Yeah, this is the version I remember also. PB has said many times that he built the first version that could only display threads of his own email in a day. But going from a series of raw email messages to an email thread that can be displayed conversationally on the web is a multi-year project, so clearly there was some already existing code doing the heavy lifting.

E.g. the email parsing code in Thunderbird dates back to at least the late 80s, and even after decades of working on it at a cost of hundreds of millions of dollars, it's still a work in progress.


It makes some sense. The more acquisitions, the higher the chance of doing well (that wording doesn't apply to price) in the metrics you mention. Especially if the perspective is extrapolating the past to the future.

The thesis of the articles seems to be: Big tech will stay dominant because they will keep buying lots of companies and they will likely continue to win with some. To stop this, blah blah law changes or something (I only skimmed the article).

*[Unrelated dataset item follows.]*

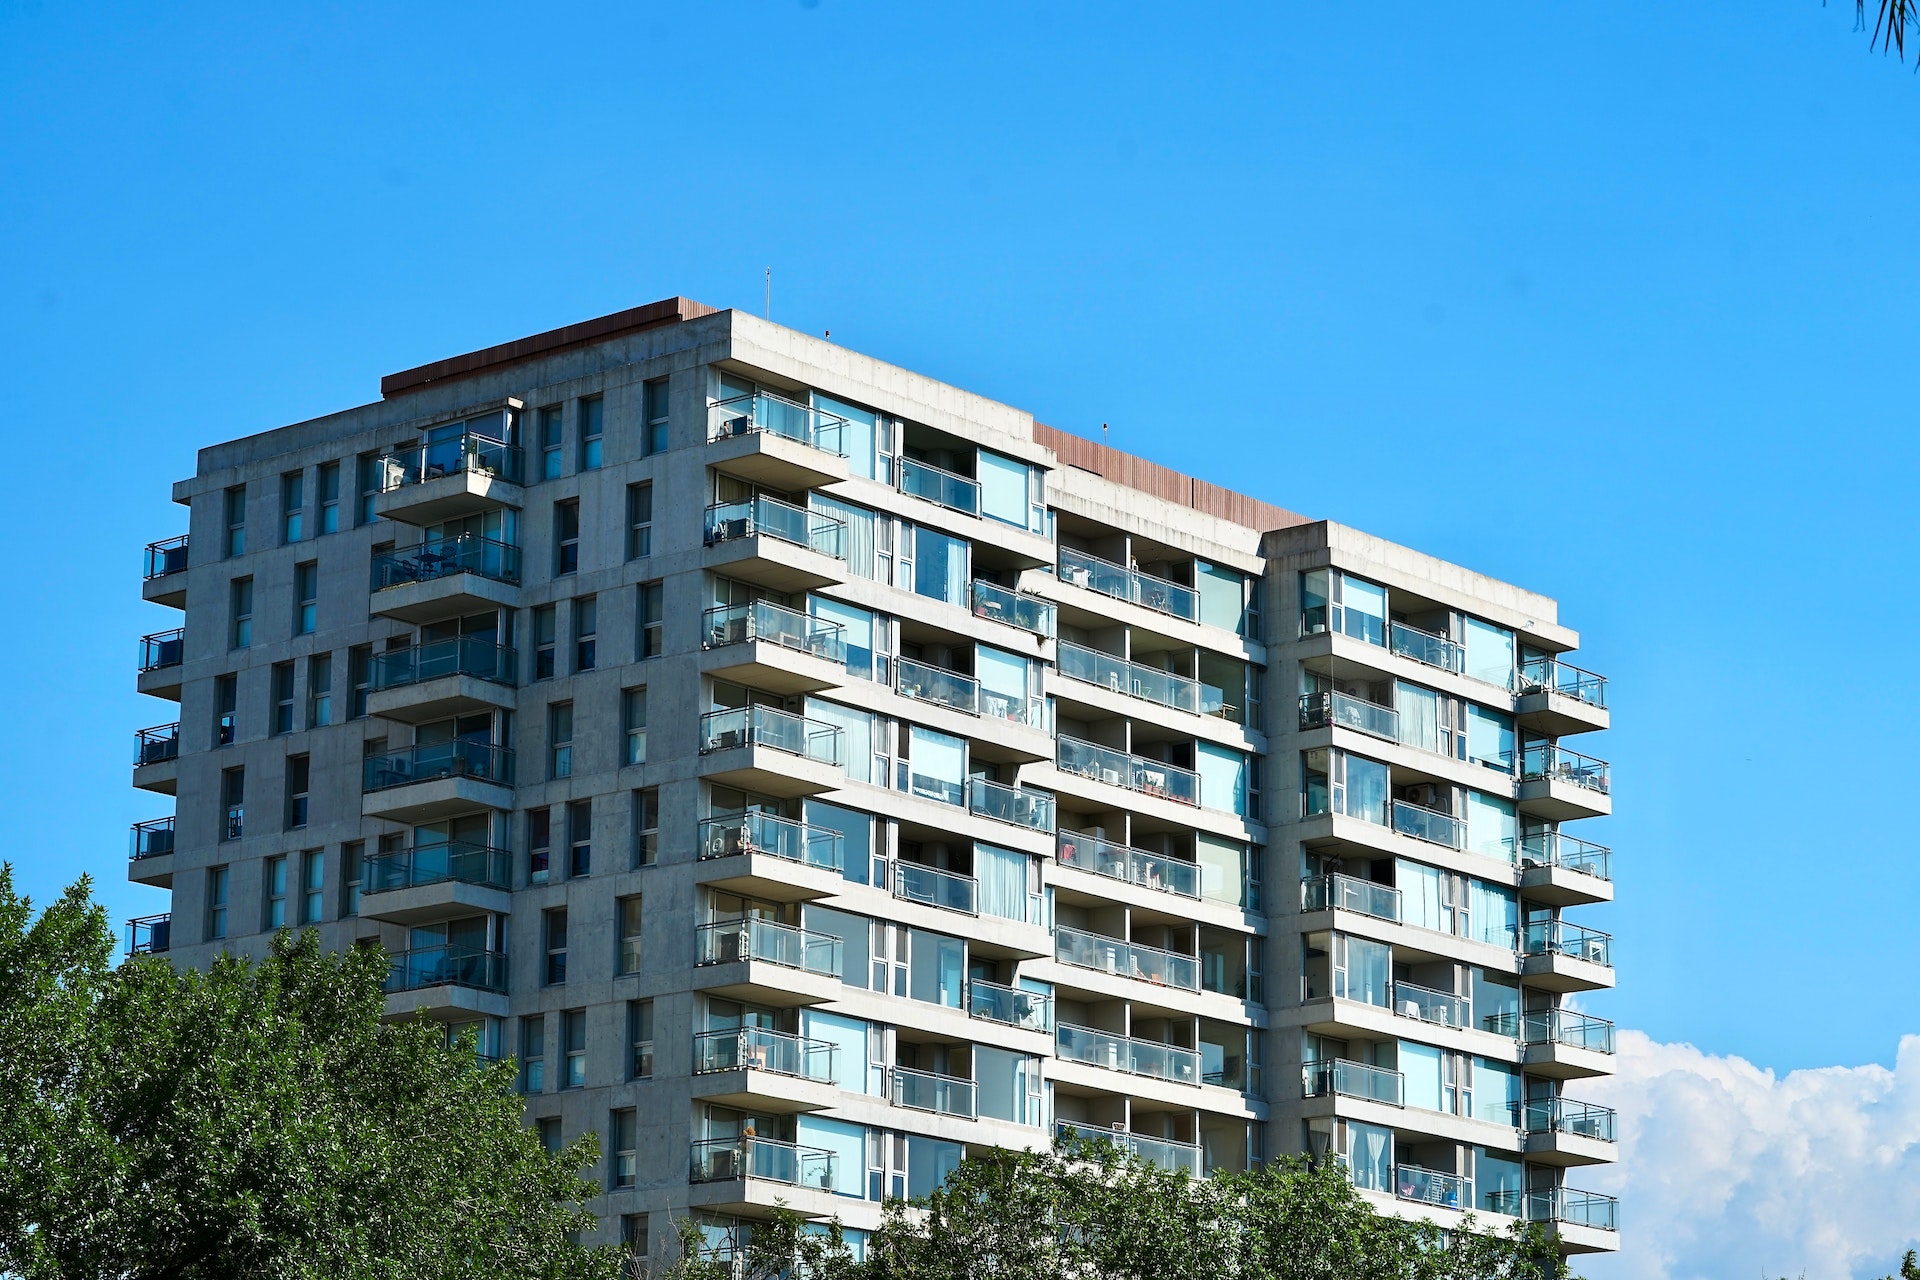 Condominium and Cooperative License Requirements

Yes, I would have wanted to see the graph of acquisitions weighted by purchase price but that data is hard to find for many acquisitions. Impact on business (e.g., revenue contribution) would be even better but requires subjective judgment and estimation.


The thing that’s missed is that vertical Integratron is far more efficient for core products than relying on third parties.

Apple won out over Microsoft in consumer electronics because they were able to make decisions up and down the stack as a unit whereas Microsoft had to deal with layers of device makers and consortia.

All the talk of breakups and “big is bad” ignores the fact that vertical works better.

I don’t think it has to be this way. I think it’s entirely possible that a network of companies can outperform a monolith with the right kind of coordination.

This would be a new, evolutionary strategy, and would be good for everyone.

It won’t however, emerge if we roll the clock back to the late 90’s by force.


> All the talk of breakups and “big is bad” ignores the fact that vertical works better.

That's not even close to being universally true, and good/bad are in the eye of the beholder. Is it better or more efficient for the people who assemble the phones? Is it better or more efficient for the retail employees making minimum wage? Is it better or more efficient for app developers who lose 30% of their revenue to private taxation, or the businesses that never reached their potential because a BigTechCo launched a competing product at a loss?

> It won’t however, emerge if we roll the clock back to the late 90’s by force.

It might, but I can absolutely, guarantee, beyond a shadow of a doubt that we don't get a more democratic solution if we leave the current stakeholders in their current positions of immense power.


> Is it better or more efficient for the people who assemble the phones?

yes. Factory work is better than subsistence farming. And big tech has done 100x more than anyone else in the consumer electronics supply chain to push for better working conditions in those factories.

>Is it better or more efficient for the retail employees making minimum wage?

Yes. Improved margins are what allow wages to rise. Inefficient businesses don’t have the money to pay employees more. Apple retail stores pay on average 18$/hr vs the 10.50 a mom and pop might be able to afford to pay someone.

>Is it better or more efficient for app developers who lose 30% of their revenue to private taxation, or the businesses that never reached their potential because a BigTechCo launched a competing product at a loss?

Yes. Software distributors used to pay 50% to retailers.


> Factory work is better than subsistence farming.

Working in a 1900's Chicago meatpacking plant may have been better than subsistence farming too, but the alternative to working in bad conditions isn't going back to farming, it's improving the working conditions. Big tech has NOT done 100x more than anyone to push for better working conditions. If they really wanted to provide good, first-world working conditions in their factory, they could do so. Yes, their costs would go up, that's what happens when you stop subsidizing consumer products with labor abuse.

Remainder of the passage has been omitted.